Spinnaker-design avatar Feb 14 '24 17:02 Spinnaker-design

Here is the call stack for the crash:

_free_r@0x00060a0a (/_free_r.dbgasm:51)
__gnu_cxx::new_allocator<CMsg>::deallocate@0x0005ae5e (/Users/kylevisner/.platformio/packages/[email protected]/arm-none-eabi/include/c++/7.2.1/ext/new_allocator.h:125)
std::allocator_traits<std::allocator<CMsg> >::deallocate@0x0005ae5e (/Users/kylevisner/.platformio/packages/[email protected]/arm-none-eabi/include/c++/7.2.1/bits/alloc_traits.h:462)
std::_Deque_base<CMsg, std::allocator<CMsg> >::_M_deallocate_node@0x0005ae5e (/Users/kylevisner/.platformio/packages/[email protected]/arm-none-eabi/include/c++/7.2.1/bits/stl_deque.h:609)
std::_Deque_base<CMsg, std::allocator<CMsg> >::_M_destroy_nodes@0x0005ae5e (/Users/kylevisner/.platformio/packages/[email protected]/arm-none-eabi/include/c++/7.2.1/bits/stl_deque.h:743)
std::_Deque_base<CMsg, std::allocator<CMsg> >::~_Deque_base@0x0005ae74 (/Users/kylevisner/.platformio/packages/[email protected]/arm-none-eabi/include/c++/7.2.1/bits/stl_deque.h:665)
std::deque<CMsg, std::allocator<CMsg> >::~deque@0x0005b1c4 (/Users/kylevisner/.platformio/packages/[email protected]/arm-none-eabi/include/c++/7.2.1/bits/stl_deque.h:1045)
std::queue<CMsg, std::deque<CMsg, std::allocator<CMsg> > >::~queue@0x0005b1c4 (/Users/kylevisner/.platformio/packages/[email protected]/arm-none-eabi/include/c++/7.2.1/bits/stl_queue.h:96)
CEspCom::clearToEspQueue@0x0005b1c4 (/CEspCom::clearToEspQueue.dbgasm:109)
esp_host_there_are_data_to_be_tx@0x0005a6e4 (/esp_host_there_are_data_to_be_tx.dbgasm:12)
esp_host_spi_transaction@0x0005a6f8 (/esp_host_spi_transaction.dbgasm:5)
esp_host_perform_spi_communication@0x0005a73e (/esp_host_perform_spi_communication.dbgasm:7)
CEspControl::communicateWithEsp@0x00058ed8 (/CEspControl::communicateWithEsp.dbgasm:10)
CLwipIf::lwip_task@0x0004c0a8 (/CLwipIf::lwip_task.dbgasm:30)
CLwipIf::timer_cb@0x0004c10a (/CLwipIf::timer_cb.dbgasm:4)
r_gpt_call_callback@0x0002e174 (Unknown Source:1719)
<signal handler called>@0xffffffe9 (Unknown Source:0)
bsp_prv_software_delay_loop@0x0002f864 (/bsp_prv_software_delay_loop.dbgasm:1)
delay@0x00023c0a (/delay.dbgasm:4)
SSLClient::read@0x0001f628 (/SSLClient::read.dbgasm:8)
SSLClient::connected@0x0001f5b8 (/SSLClient::connected.dbgasm:10)

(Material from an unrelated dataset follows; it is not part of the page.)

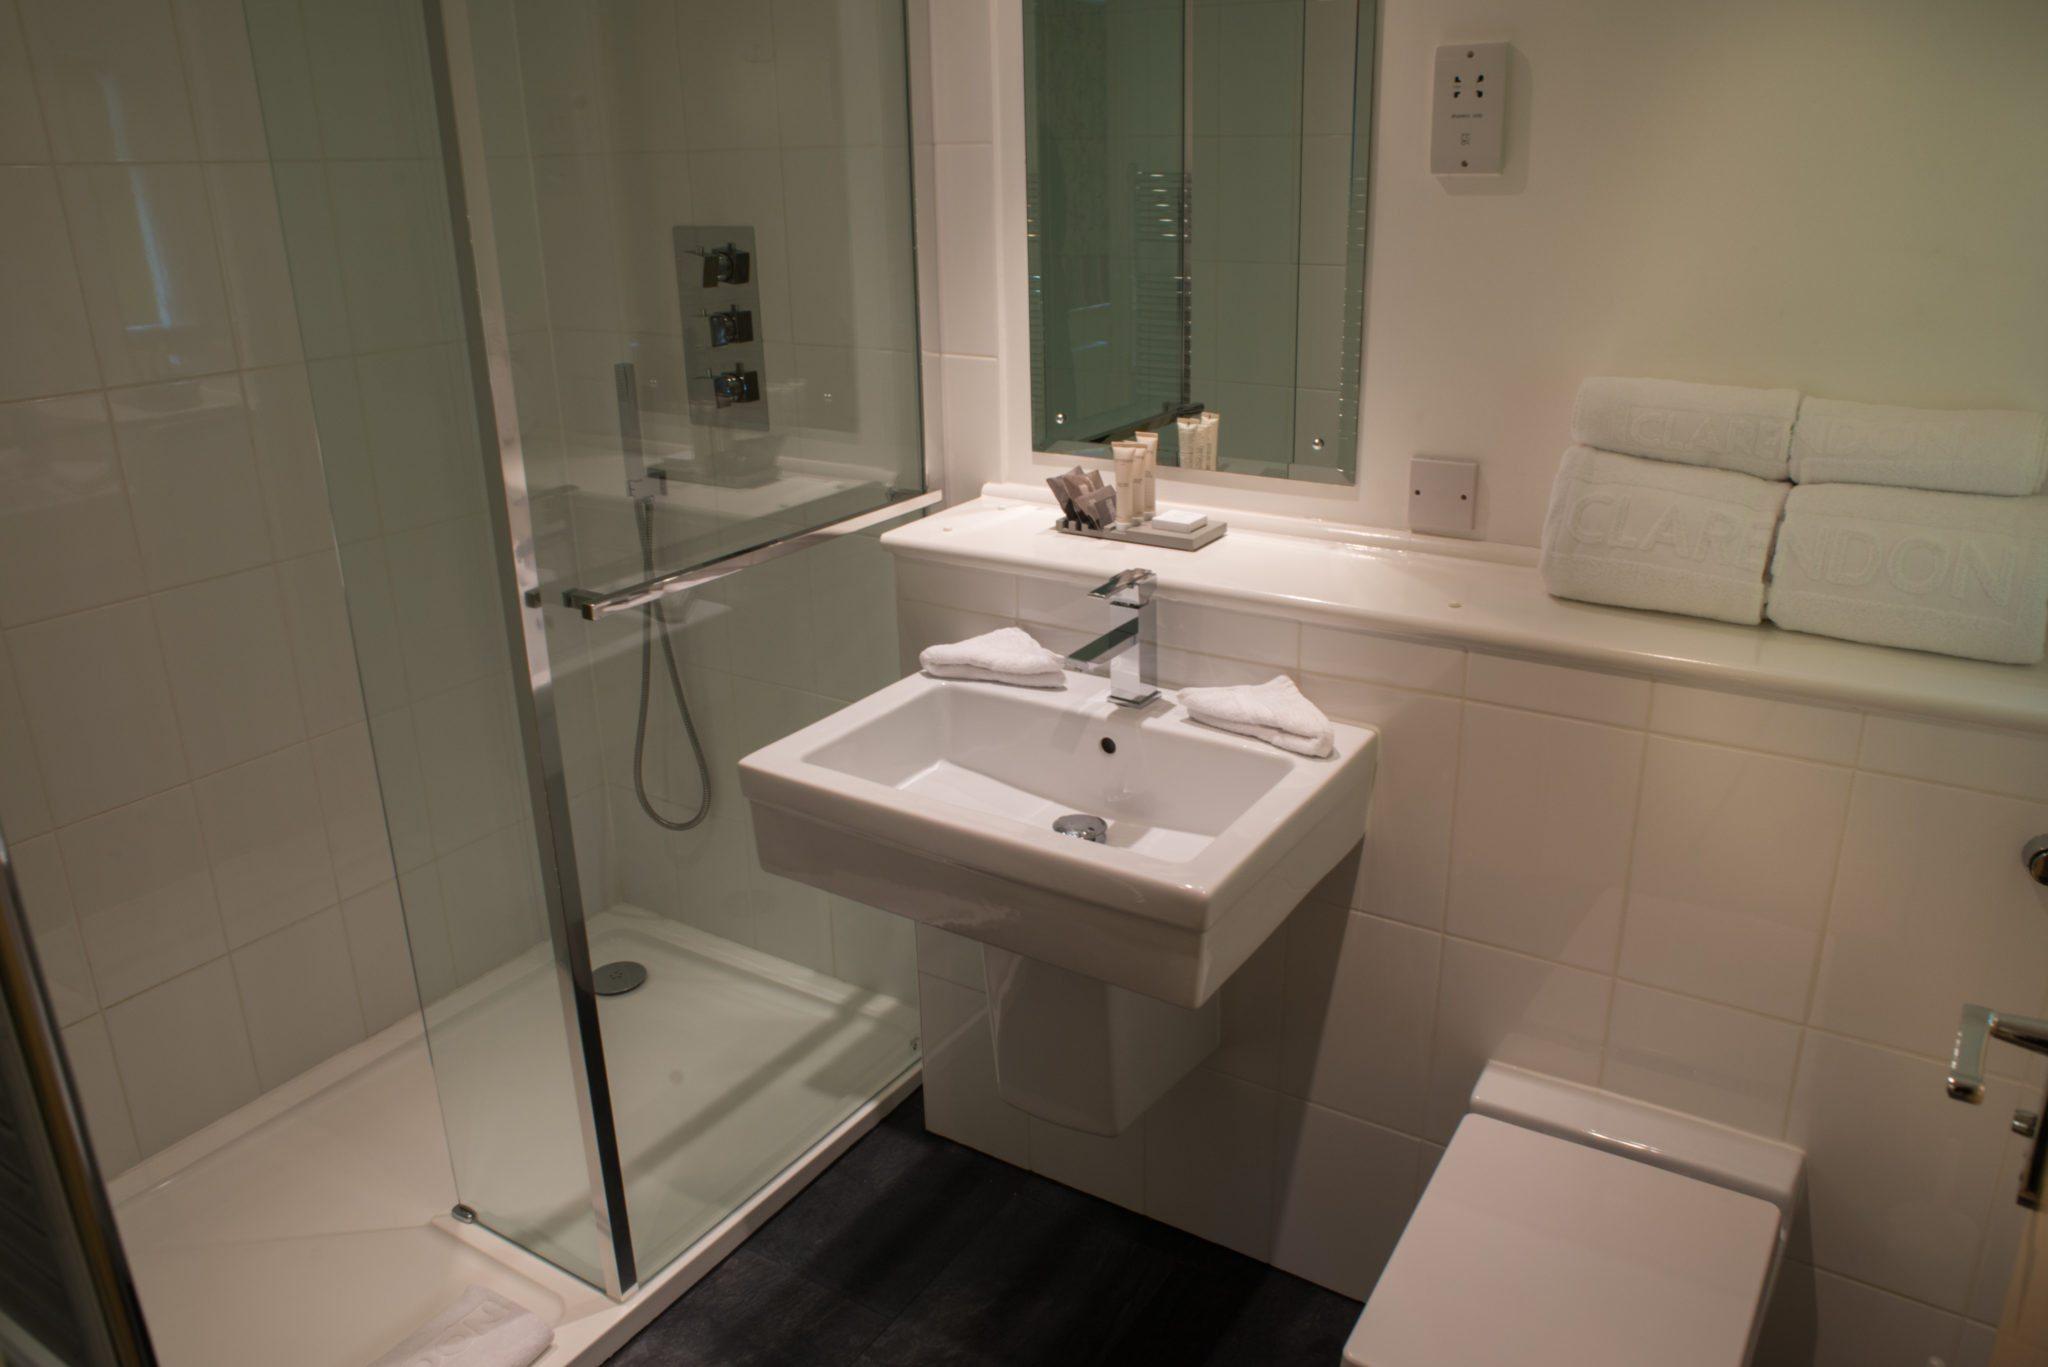 North Mews Serviced Apartments - Holborn, London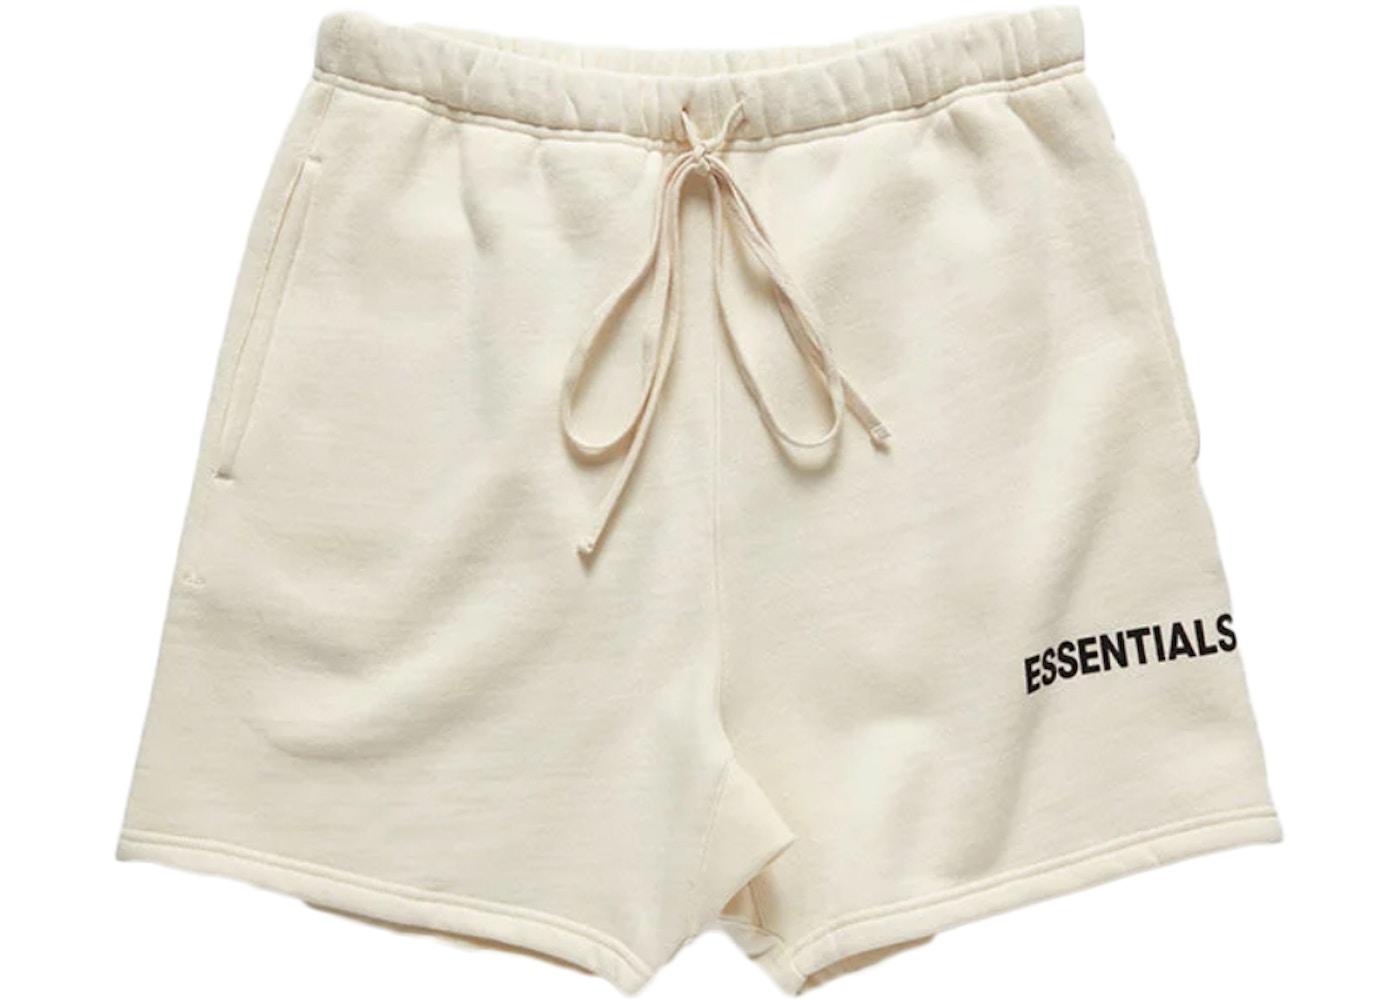 d014cae7 FEAR OF GOD Essentials Graphic Sweat Shorts Cream - Essentials

Spinnaker-design avatar Feb 14 '24 19:02 Spinnaker-design

Thanks for your report, I got the same error while working on https://github.com/arduino/ArduinoCore-renesas/pull/234. In that PR I am trying to deal with all the network related issues, for the time being Ethernet and WiFi. I will try to address this issue with that PR.

andreagilardoni avatar Feb 15 '24 14:02 andreagilardoni

Thanks, @andreagilardoni, Is there a workaround in the mean time to unblock us until that PR is done?

Spinnaker-design avatar Feb 15 '24 16:02 Spinnaker-design

You can try using my PR and disable the timer inside the network stack.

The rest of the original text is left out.